What is being asked:
The answer should hold every line of the listing, unchanged and free of images.

Input data:
════════
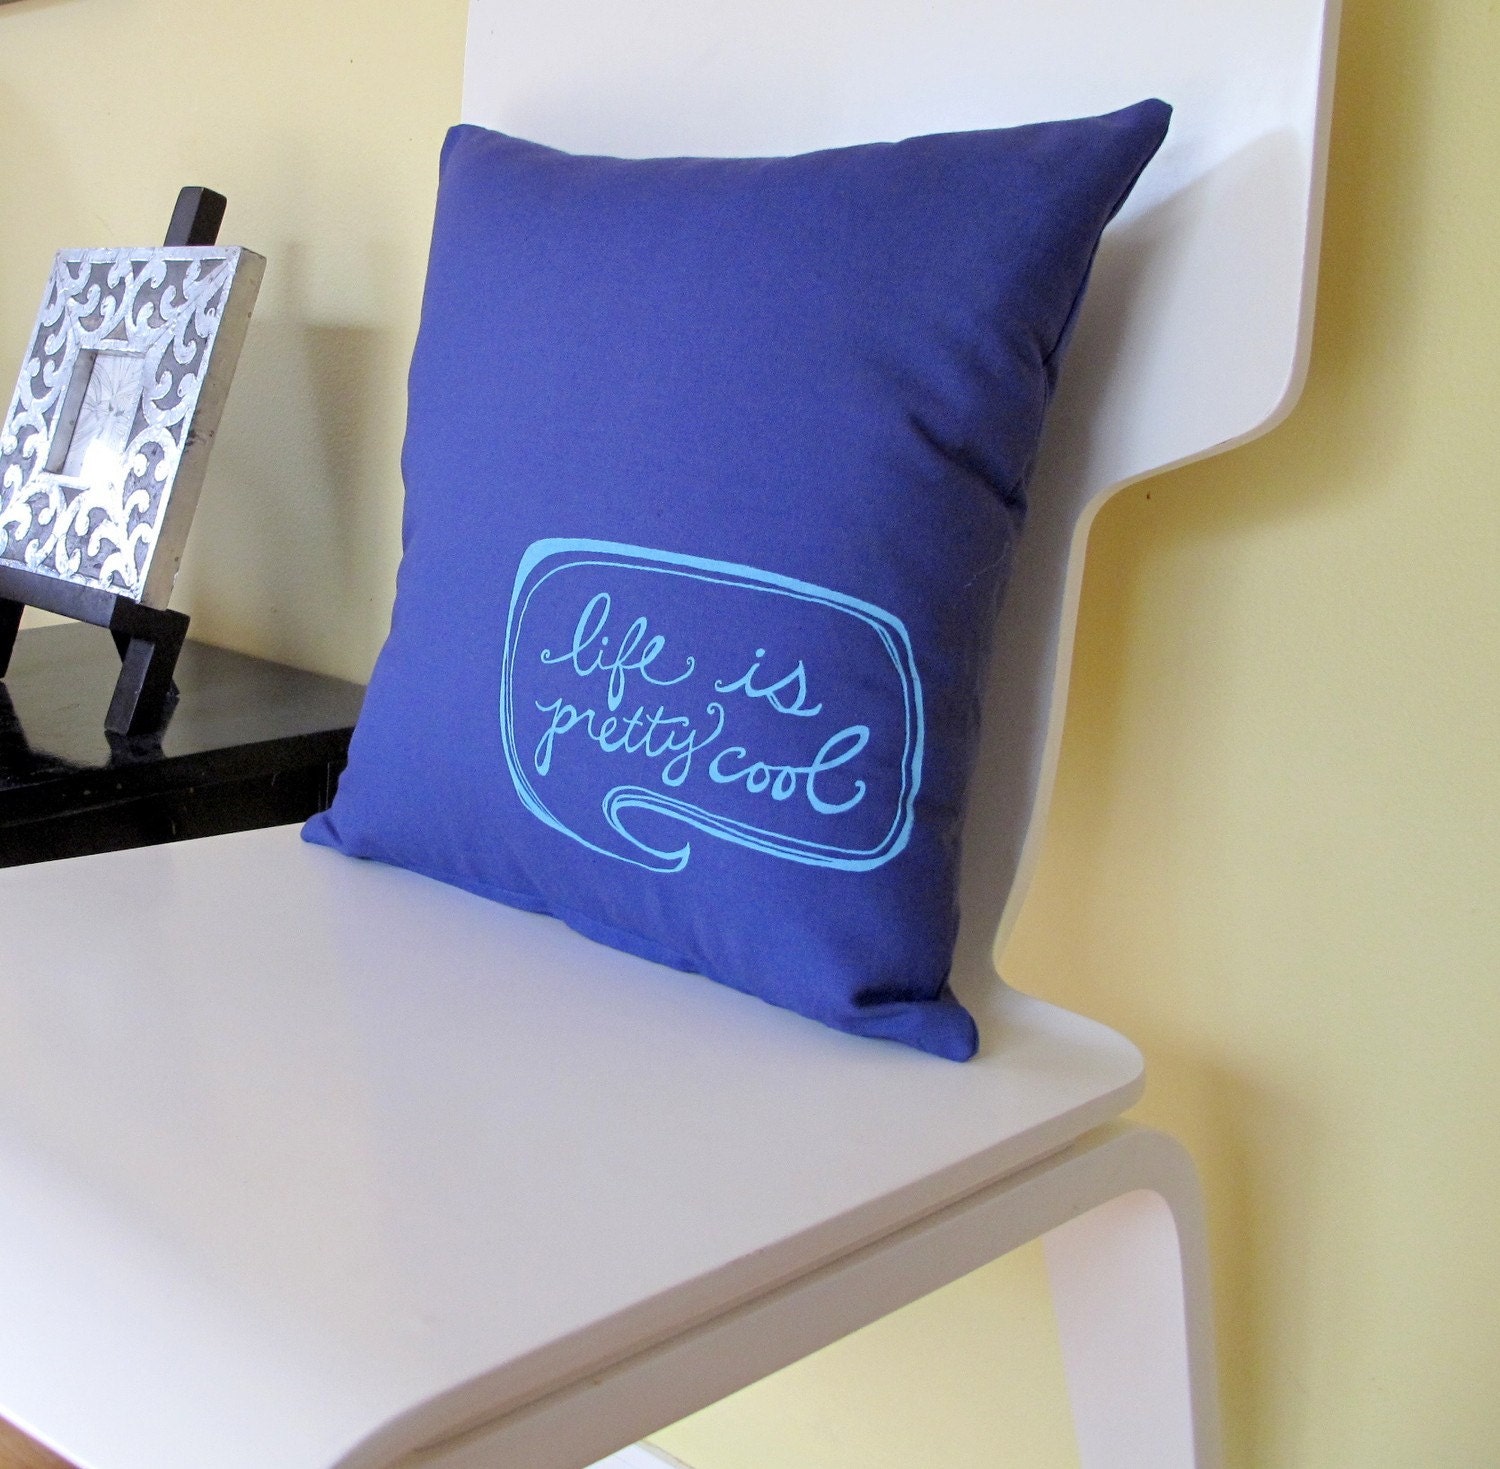 Pillow Cover - Life is Pretty Cool on Navy Blue Kona Cotton - 16 x 16 inches
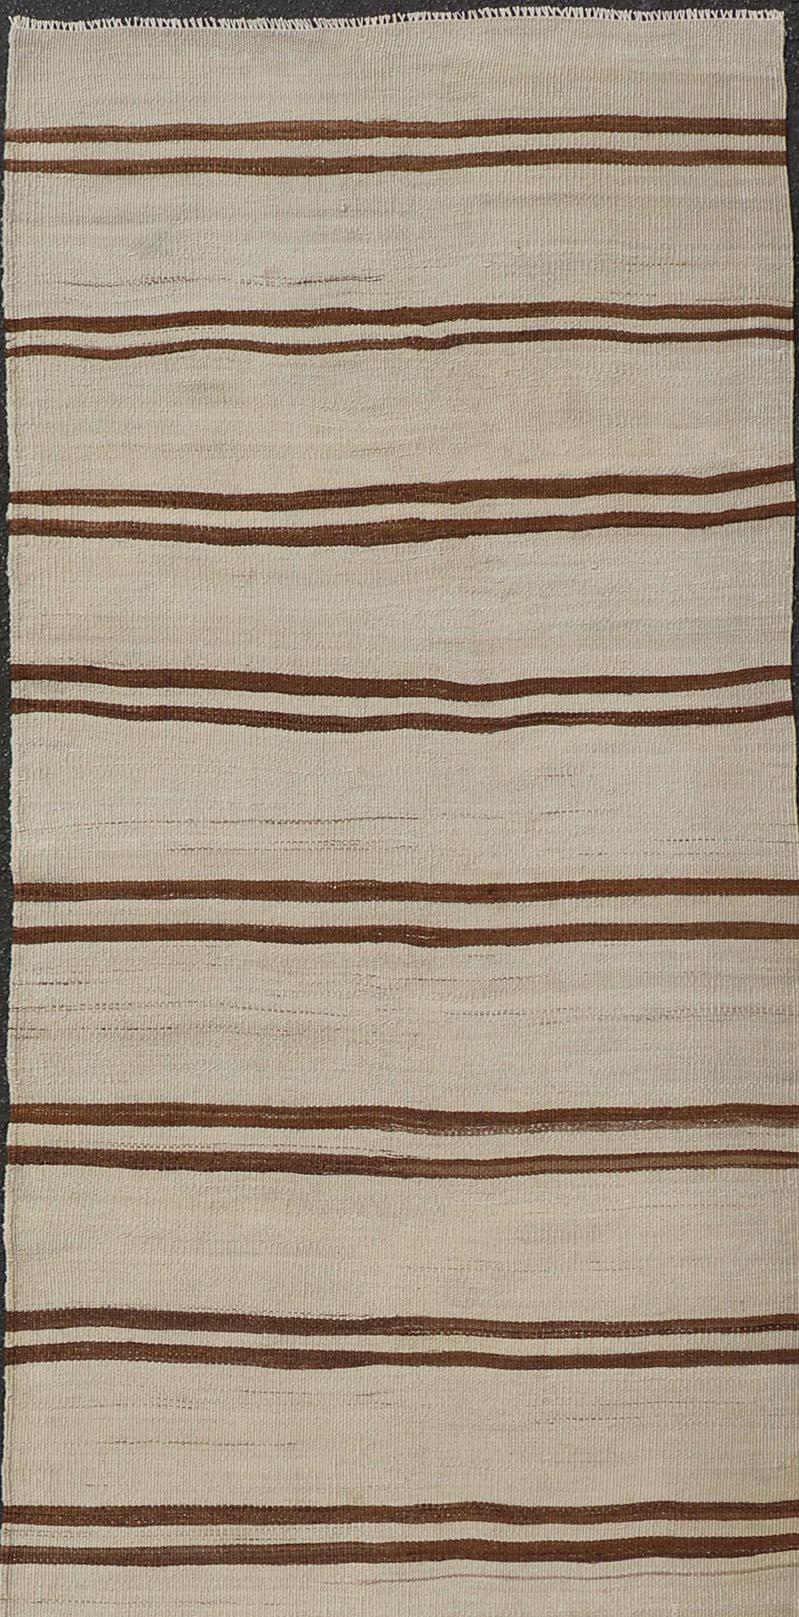 Hand-Woven Minimalist Design Vintage Kilim Runner with Stripes in Brown and Ivory For Sale
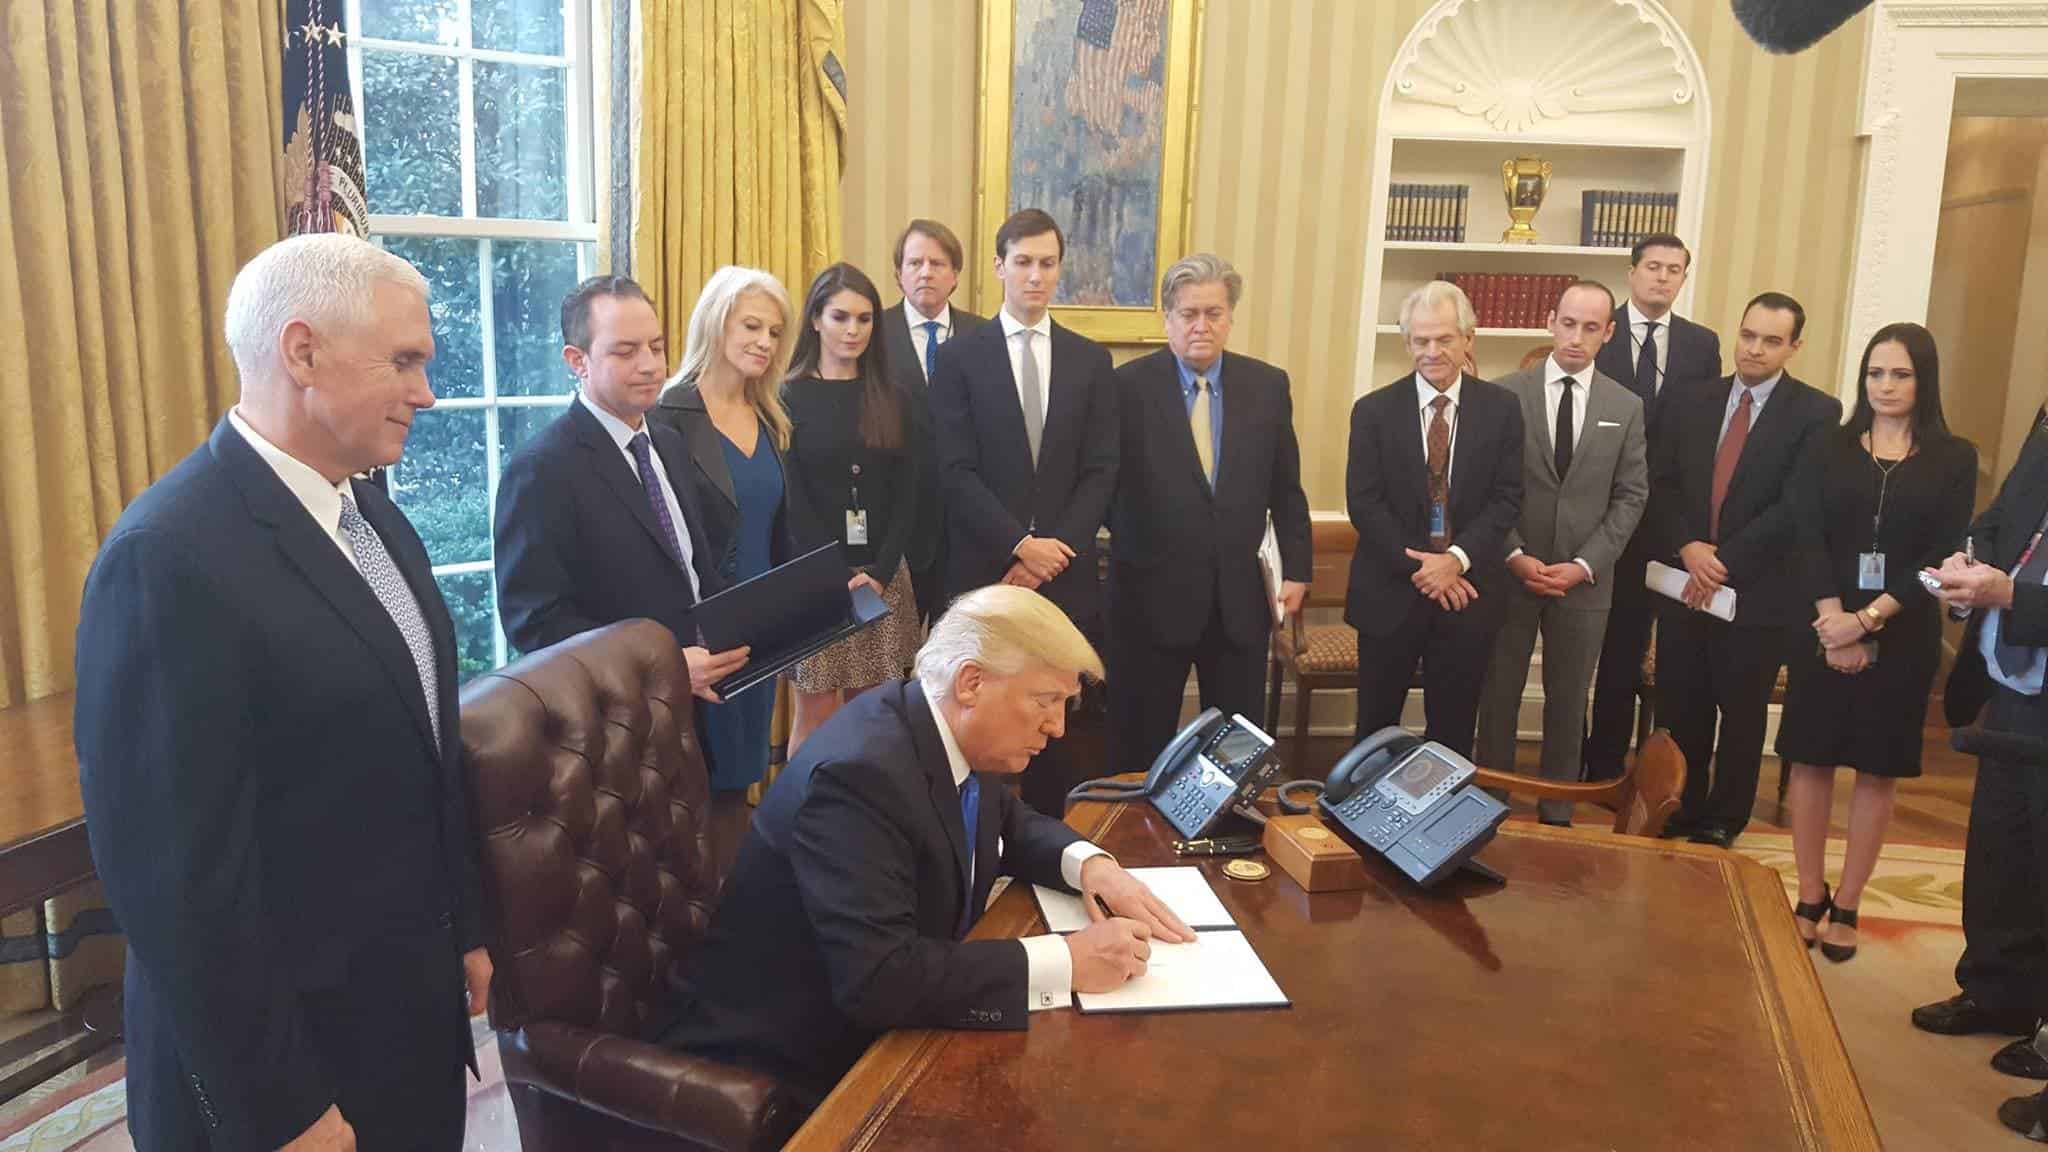 Donald Trump signs Executive Orders in January 2017. Credit: Wikimedia Commons.
════════
Completed exercise:
 Pillow Cover - Life is Pretty Cool on Navy Blue Kona Cotton - 16 x 16 inches
 Hand-Woven Minimalist Design Vintage Kilim Runner with Stripes in Brown and Ivory For Sale
 Donald Trump signs Executive Orders in January 2017. Credit: Wikimedia Commons.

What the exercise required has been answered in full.